PHPWiki table markup parsing gotchas/notes/observations/assumptions.
 
A table starts with a --non-indented-- line ending in a pipe, followed by a ++
more++-indented line Course, the indented line can be as simple as this:
 
a |
 |  <-- interpreted as a cell containing a pipe
end
 
A table continues until:
  +++ - a less-indented line +++
 
  - A non-indented line that doesn't end with a pipe.  The unindented line
    "end" is used here to show when an example ends, and PHPWiki considers
    these to end the table.  Blank lines do not end tables:
 
a |
 b |
 
 c |
end
 
A row continues until:
 - indent level drops (start a new cell on next row)
 - the table ends
 
A cell continues until:
 - |\n<more indent> is encountered (start a new cell on same row)

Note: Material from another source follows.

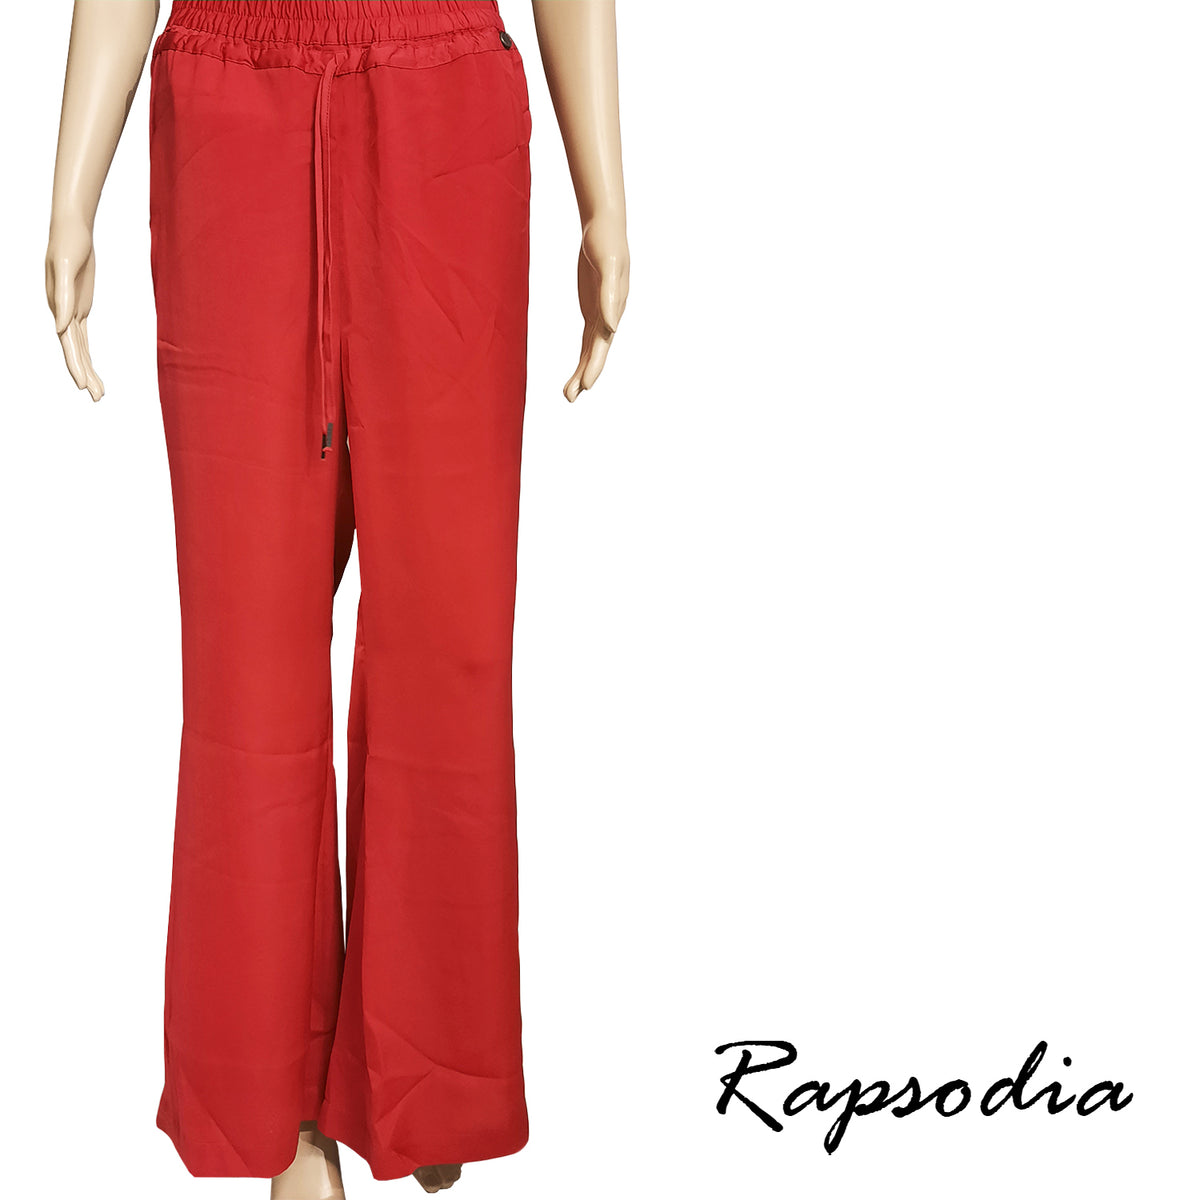 Pantalon Rapsodia Fla Rojo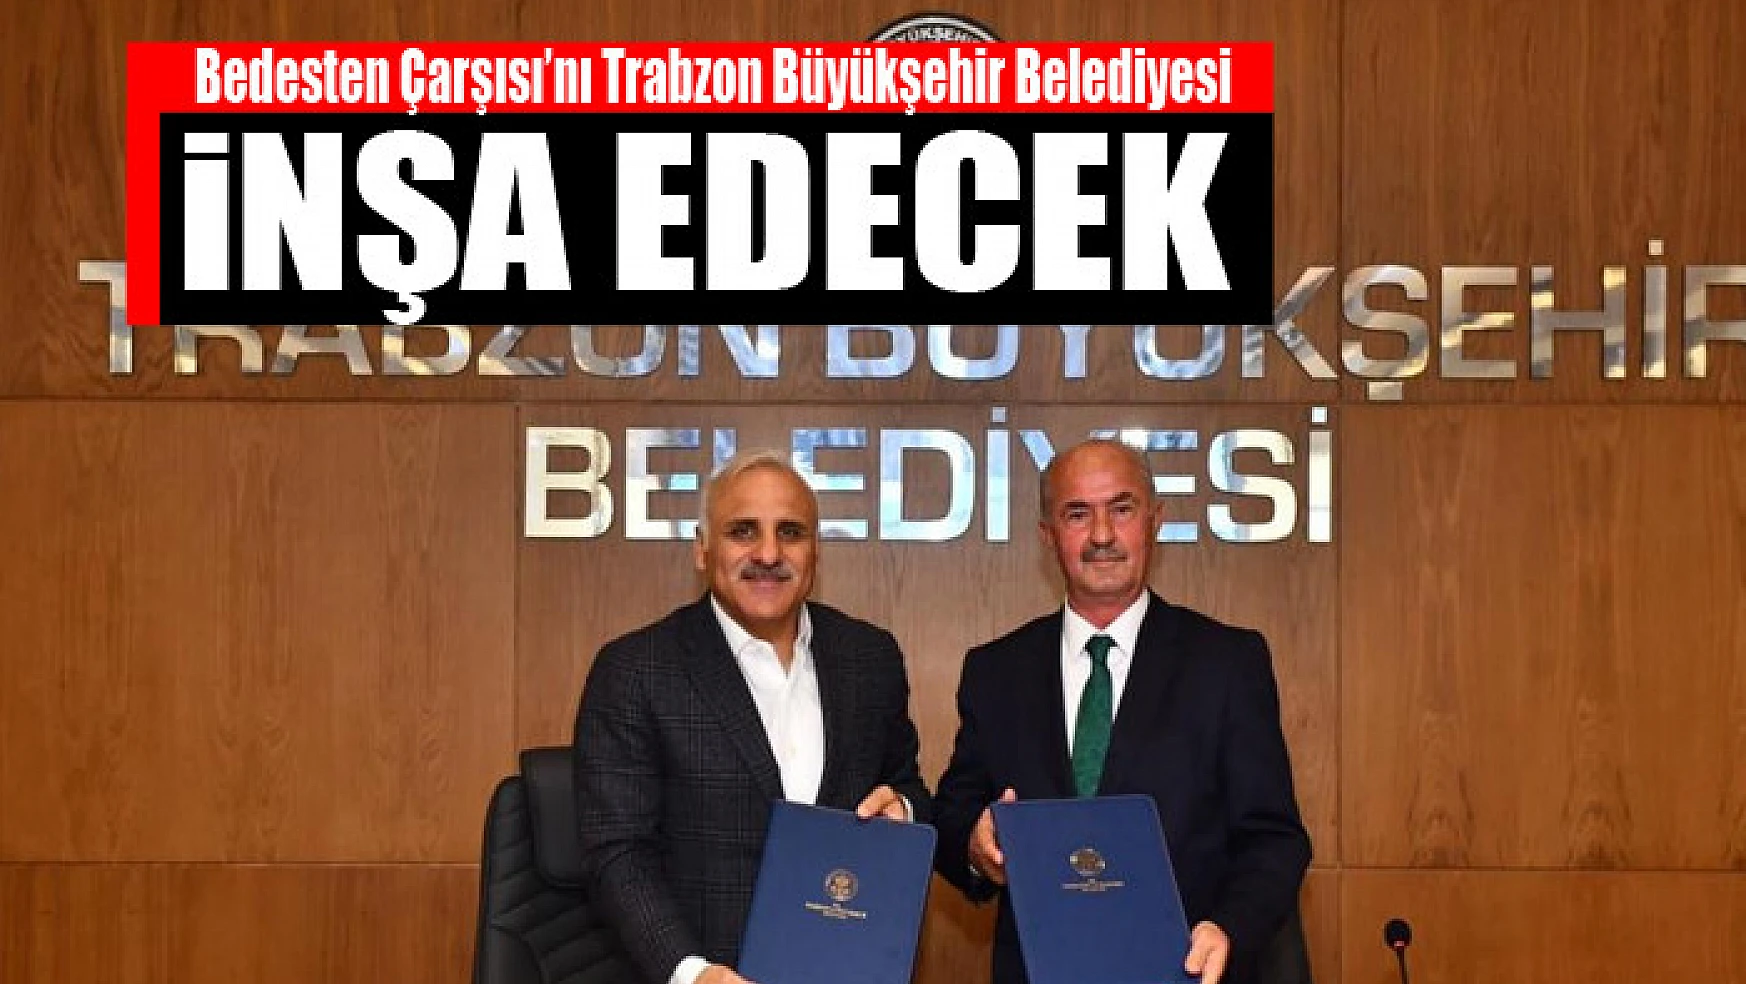 Bedesten Çarşısı'nı Trabzon Büyükşehir Belediyesi inşa edecek

   - collect this line's content, and exit with more_cells = 1
 - indent level drops (regardless of pipe)
   - immediately return with more_cells = 0, collecting nothing (do not pass Go)
 - a new cell with a follower (therefore ending in a pipe, and followed by a
   more indented line) is encountered
 - the table ends
 
The widest row in the table sets the number of columns.  Any row with less than
this amount will get rendered with the last cell in the row spanning the
remaining room.  This is the only way to cause a colspan.
 
Rowspan can be done across any subset of rows that is top-level or follows
another rowspan, with the caveat noted below.  Rowspan is caused by a drop in
indent level to less than zero.
 
If you don't end a cell's content line with a pipe, then all content up to the
next cell is placed in one cell, and that cell is forced to be the last cell on
the row.  This means in turn that rowspan can only be done with a table at
least 3 columns wide, because:
 
a |
 b
 c
end
 
is parsed as [ a | bc ].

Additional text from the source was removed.